Comp Cams Lifters
Comp Cams Lifters
I just installed a Comp cams k kit in a newly rebuilt 400. It was the xtreme energy 268 cam kit. The lifters are noisy still...after talking to their help line they told me that it should quiet down after break in. Well it is making me nervous since I have ran it for a couple of hours now and its still quite noisy. I took off the rocker cover and could remove a pushrod by hand. Has anyone else had this problem and how can I correct it short of removing them and sending them back. This rebuild has gone smooth except for the Comp Cams stuff. The cam was chewing up distributor gears. A bronze MSD may have cured that.
somethings wrong! don't run it any more until you find out why you are able to "remove a pushrod by hand". are you able to remove more than one? all of them if you turn the engine by hand to rotate the cam off the high spots? do you have an oil pressure gauge hooked up? what was the pressure when running? i'd drain the oil into a clean pan and check for silver metal particles first.
Last edited by grclark351; Sep 6, 2005 at 08:59 PM.
if your pushrods are that loose you don't have the preload on the lifters and they will be noisy. by the soiunds of it your pushrods are too short (assuming you have none adjustable valve train) and you don't want to keep running it like that. I am not for sure but I believe the 268 xtreme cam is ground on a smaller base circle than stock and will require either a adjutable setup or longer pushrods or if you have shims under the rockers you mighthave to remove them, but get the lash setup correctly.
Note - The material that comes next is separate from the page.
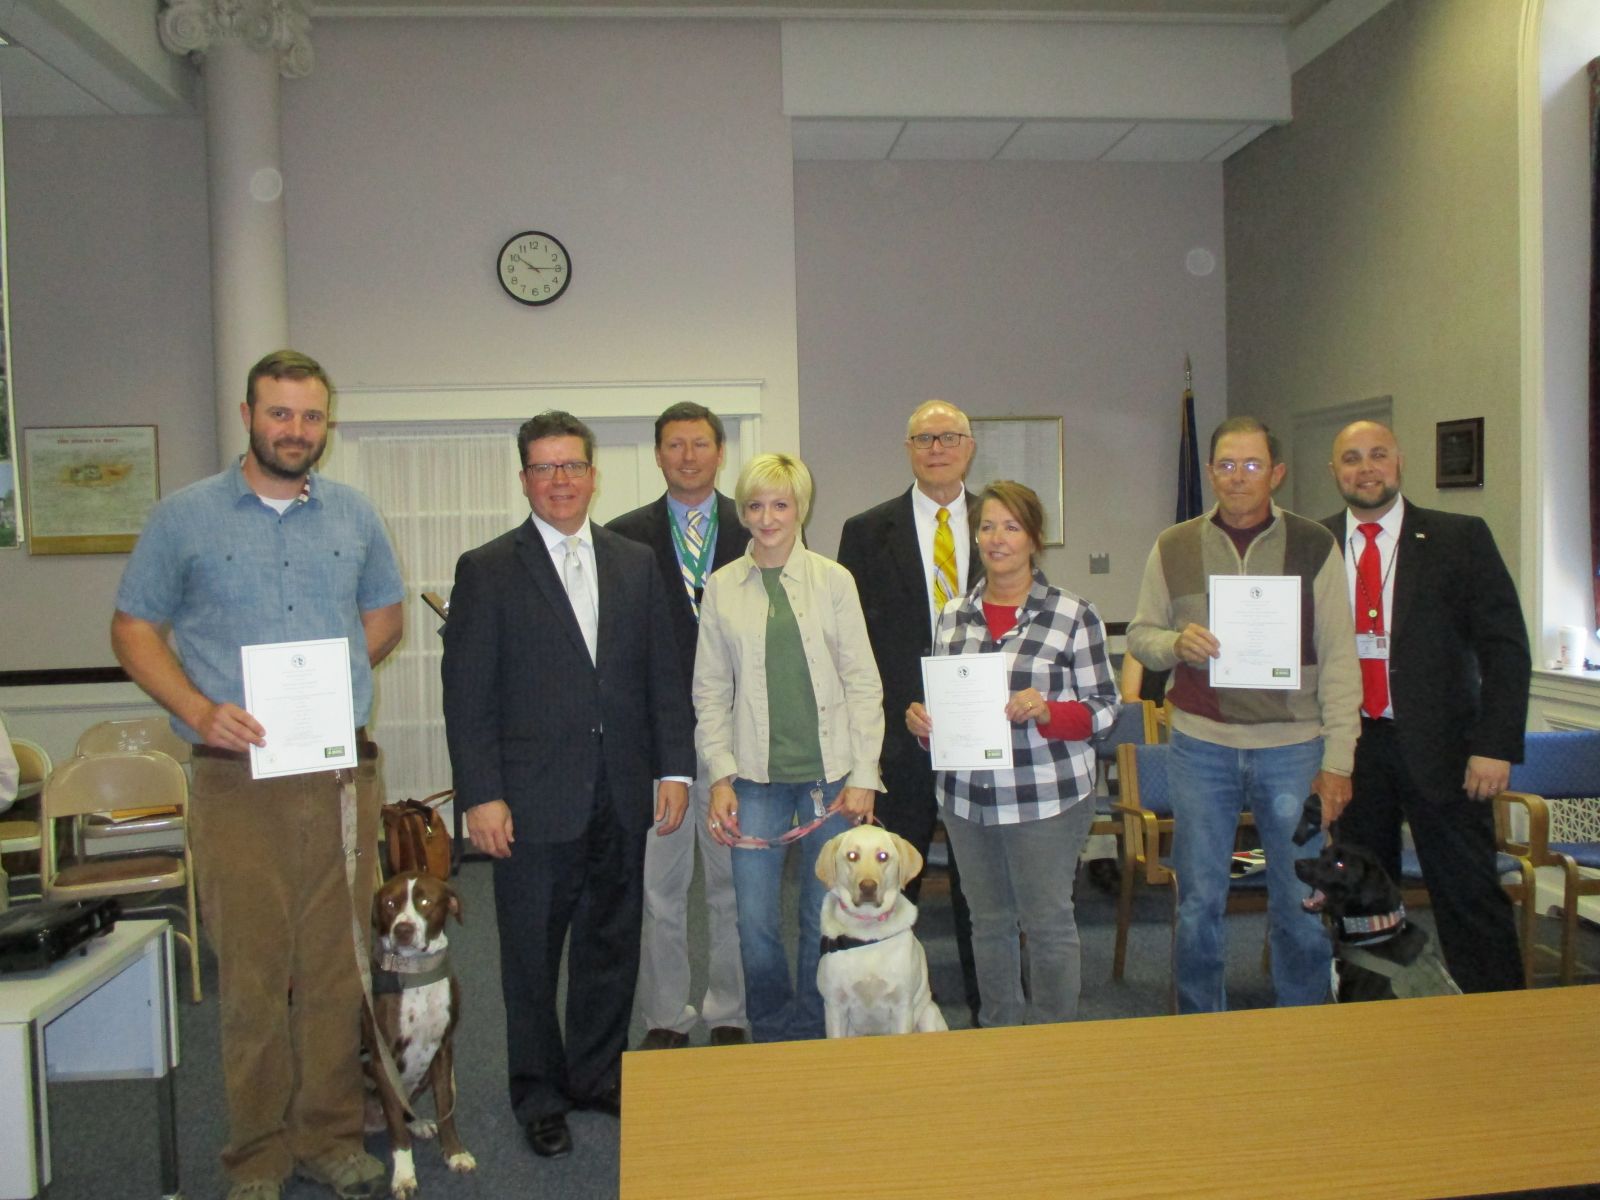 Pictured L to R are:    Alex Reed with Turk; Chairman David Keller; John McPaul, VA Community Outreach & Events Coordinator; Kami Emerick, Trainer with Skyler, Commissioner Robert Thomas; Helen Carlson, Dog Trainer; Ken Hadley with Jango; and Justin Slep, VA Director.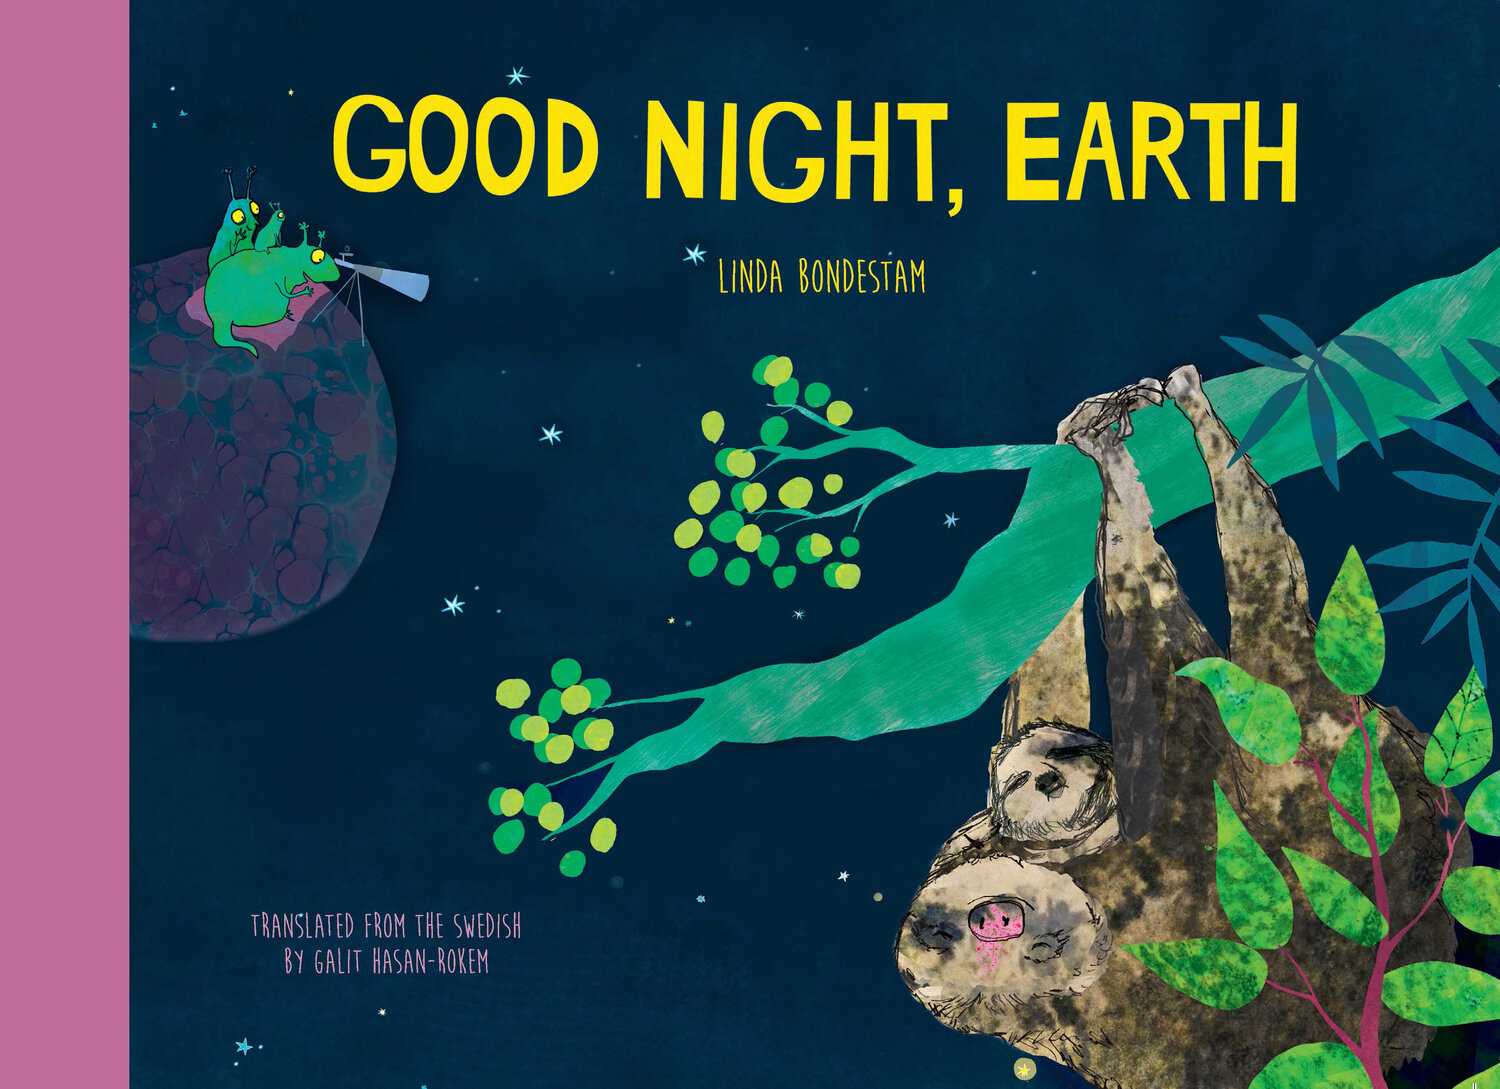 Cover of the picture book "Good Night, Earth" by Linda Bondestam. Two small green extraterrestials with yellow eyes observe through a telescope on a distant planet a parent and baby sloth sleeping back on Earth while hanging upside down from a green branch.

What concerns me more is eating dist gears if you chewing up iron gears the bronze isn't gonna last as it's even softer and used on steel roller cams.
What concerns me more is eating dist gears if you chewing up iron gears the bronze isn't gonna last as it's even softer and used on steel roller cams.
I have checked all the pushrods on the left side and they are all very loose. The pushrods are stock length. The heads were milled .010 and the difference taken off the top of the valves by the machine shop. I can look down into the motor and see that the inside of the lifters are stuck or not at the top. We are talking a good 1/4" difference for me to just move the rod over and lift it out.
Check your engine oil for metal particles.
I don't want to scare you but I had a similar problem with my engine. My machine shop used a Comp Cams XE256H kit in my rebuild. The first run on the dyno was great - and then things went bad, real bad, real quick. After a lot of head scratching, they ended up disassembling my motor and found that one of the lifters had completely sheered off on the bottom. Needless to say they had to tear the entire motor apart and re-replace everything.
They contacted Comp Cams about the problem and Comp Cams said they have had more cam and lifter failures in the last 2 years than they've had in the previous 20. Comp Cams attributes the cam failure to the lack of zinc in gasoline engine motor oil and suggested using diesel engine oil during the break-in period. I've also heard there was a batch of bad lifters a year or so back.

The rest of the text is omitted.